Creating the model:
model_path = 'model.onnx'
shape = (1, 224, 224, 3)
x0 = gs.Variable(name="x0", dtype=np.float32, shape=shape)
new_shape = (1, 3, 224, 224)
Y = gs.Variable(name="Y", dtype=np.float32, shape=new_shape)
nodes = [
gs.Node(
op="Transpose", inputs=[x0], outputs=[Y], attrs={"perm": [0, 3, 1, 2]}
),
]
graph = gs.Graph(nodes=nodes, inputs=[x0], outputs=[Y])
graph.cleanup().toposort()
model = gs.export_onnx(graph)
print("checking for errors...")
check = onnx.checker.check_model(model)
print(check)
onnx.save(model, model_path)
Modifying the model attempt:
graph = gs.import_onnx(onnx.load(model_path))

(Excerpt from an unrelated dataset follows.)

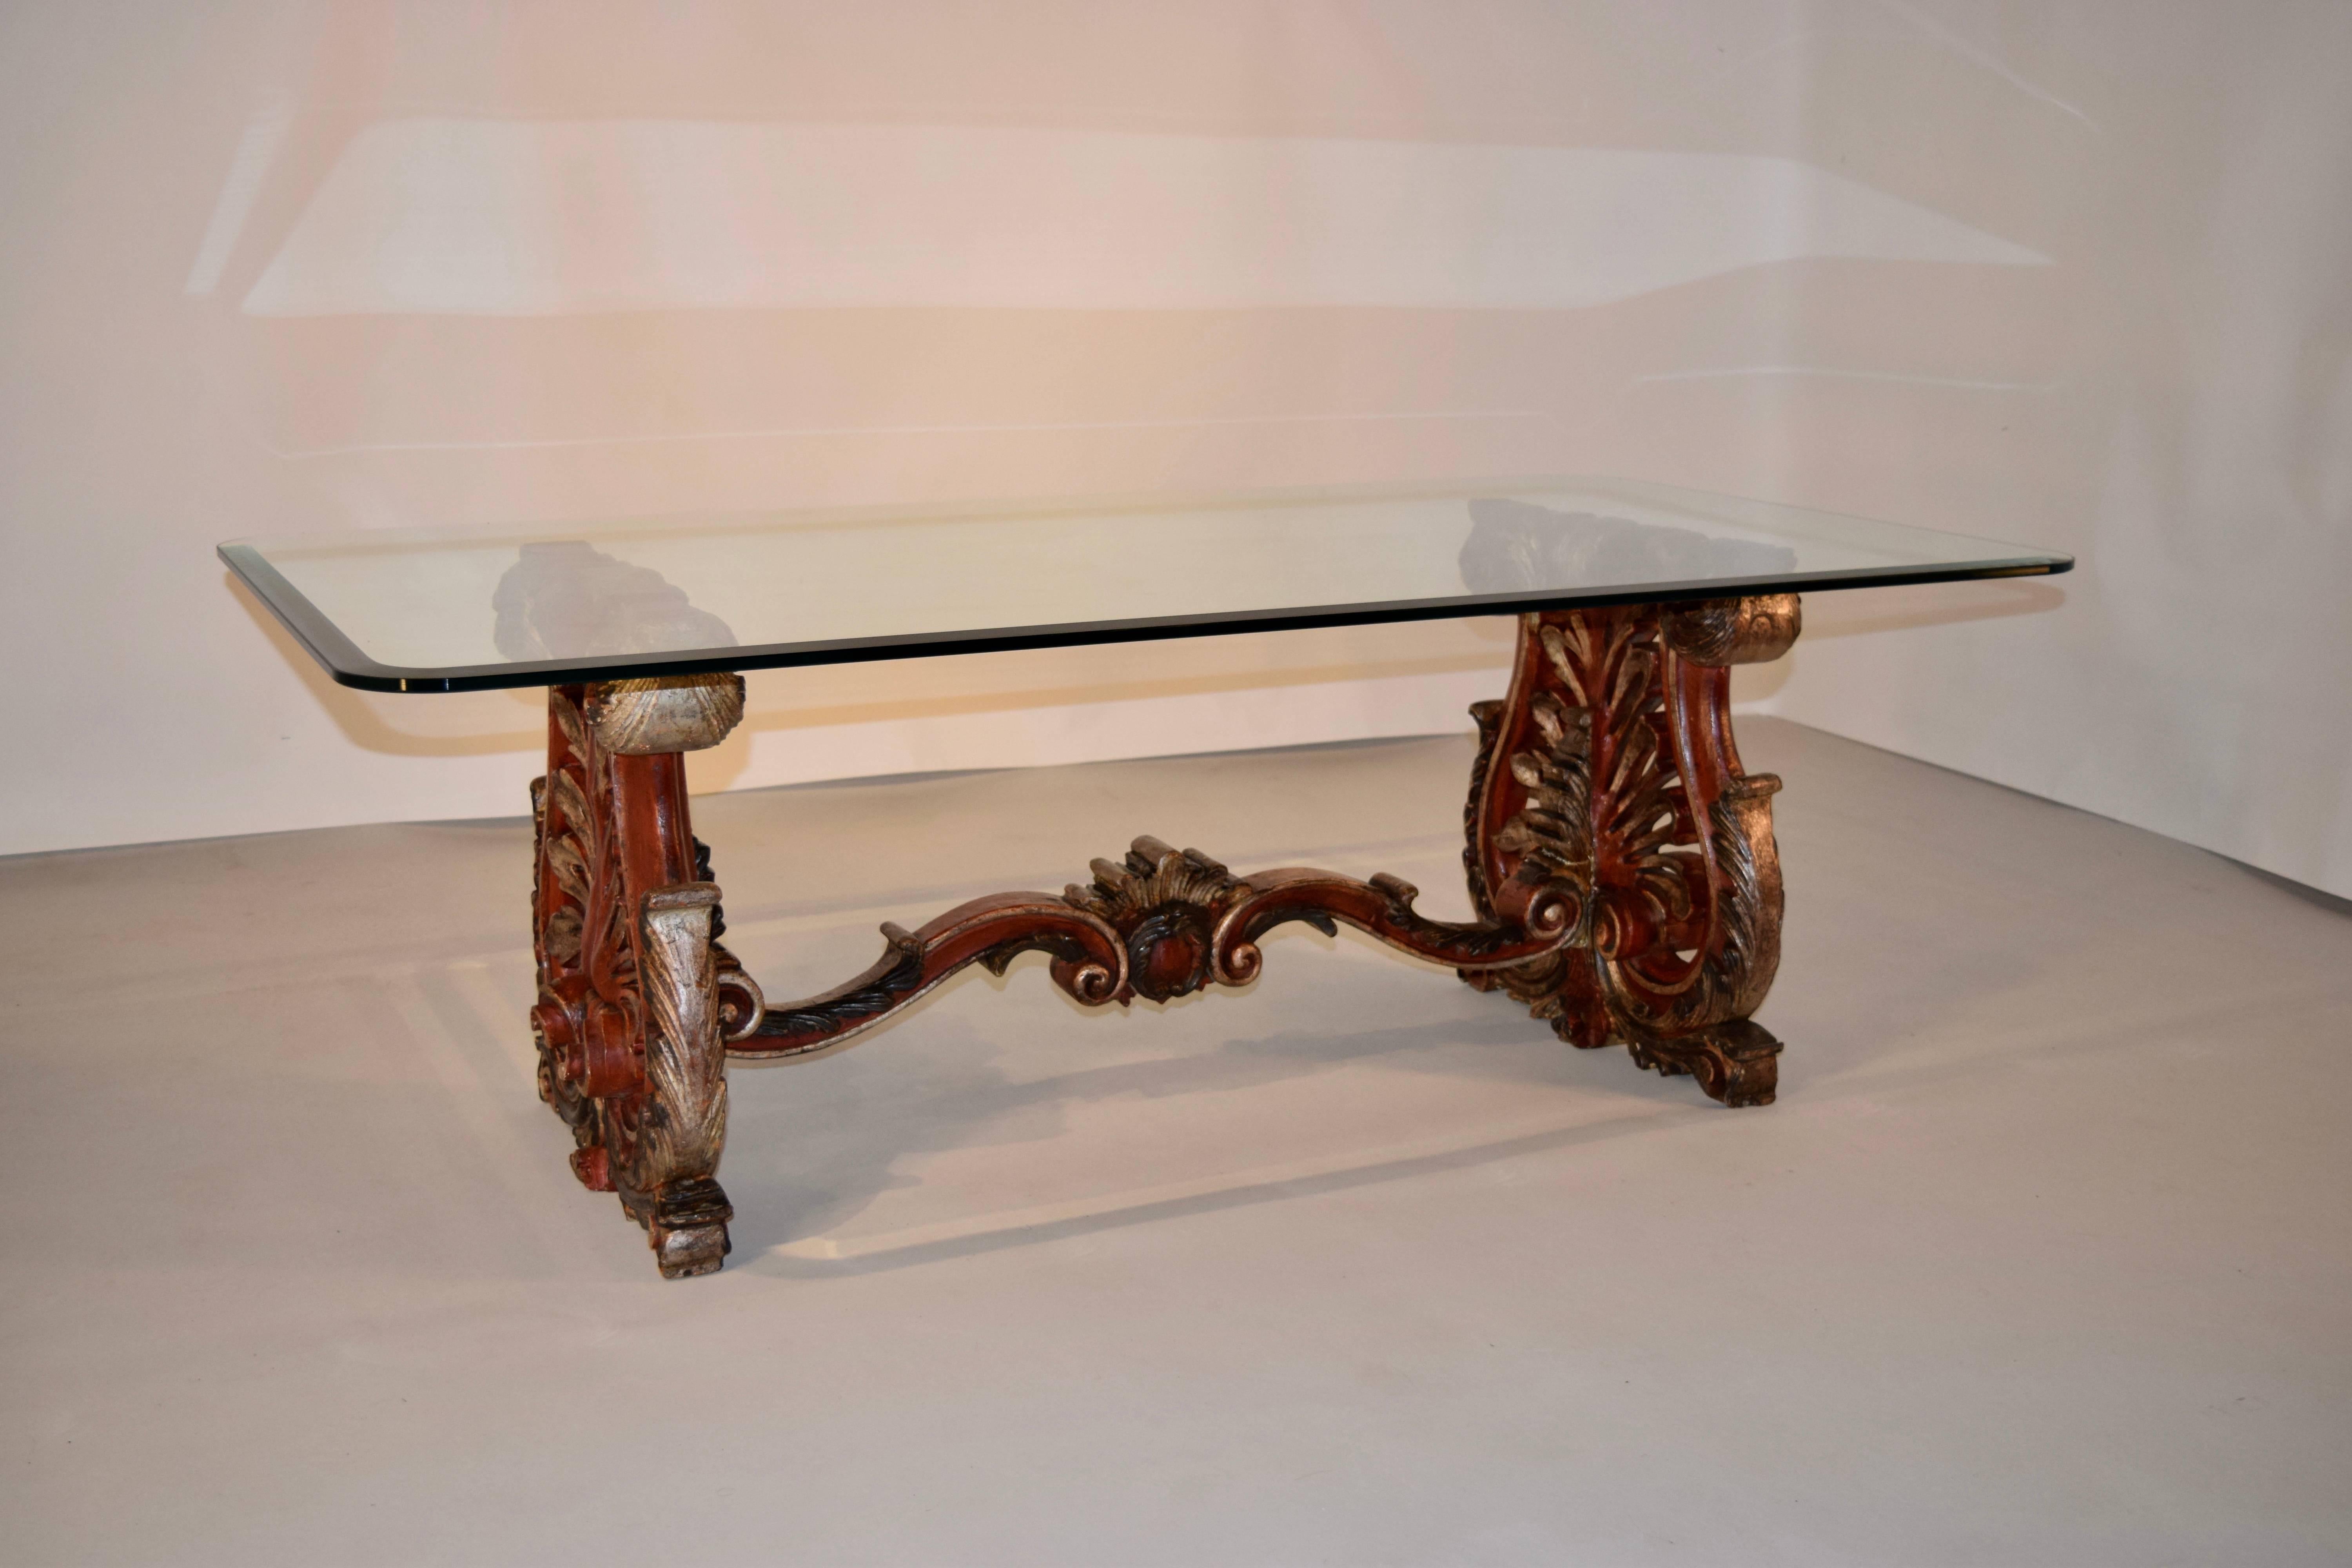 table basse en bois sculptée et peinte à la main, datant du 19e siècle et provenant d'Italie. Les supports d'extrémité sont en forme de tréteaux et sont finement sculptés de feuilles d'acanthe et de décorations percées sur un pied sculpté en forme

first_t = [node for node in graph.nodes if node.op == "Transpose"][0]
resize_out = gs.Variable("resize_out", dtype=np.float32)
sizes = np.asarray([1, 3, 512, 512])
size_tensor = gs.Constant(name="resize_sizes", values=sizes)
resize = gs.Node(
op="Resize",
inputs=[first_t.outputs[0], [], [], size_tensor], #What to do here <----------
outputs=[resize_out],
attrs={},
name="resize_op",
)
I’m unsure of what to do for the creation of the gs.Node(op=“Resize”) . Resize takes up to four inputs (3 optional), but I only want to use the first and last ones. If I only give two inputs, then it returns “Node (resize_op) has input size 2 not in range [min=3, max=4].”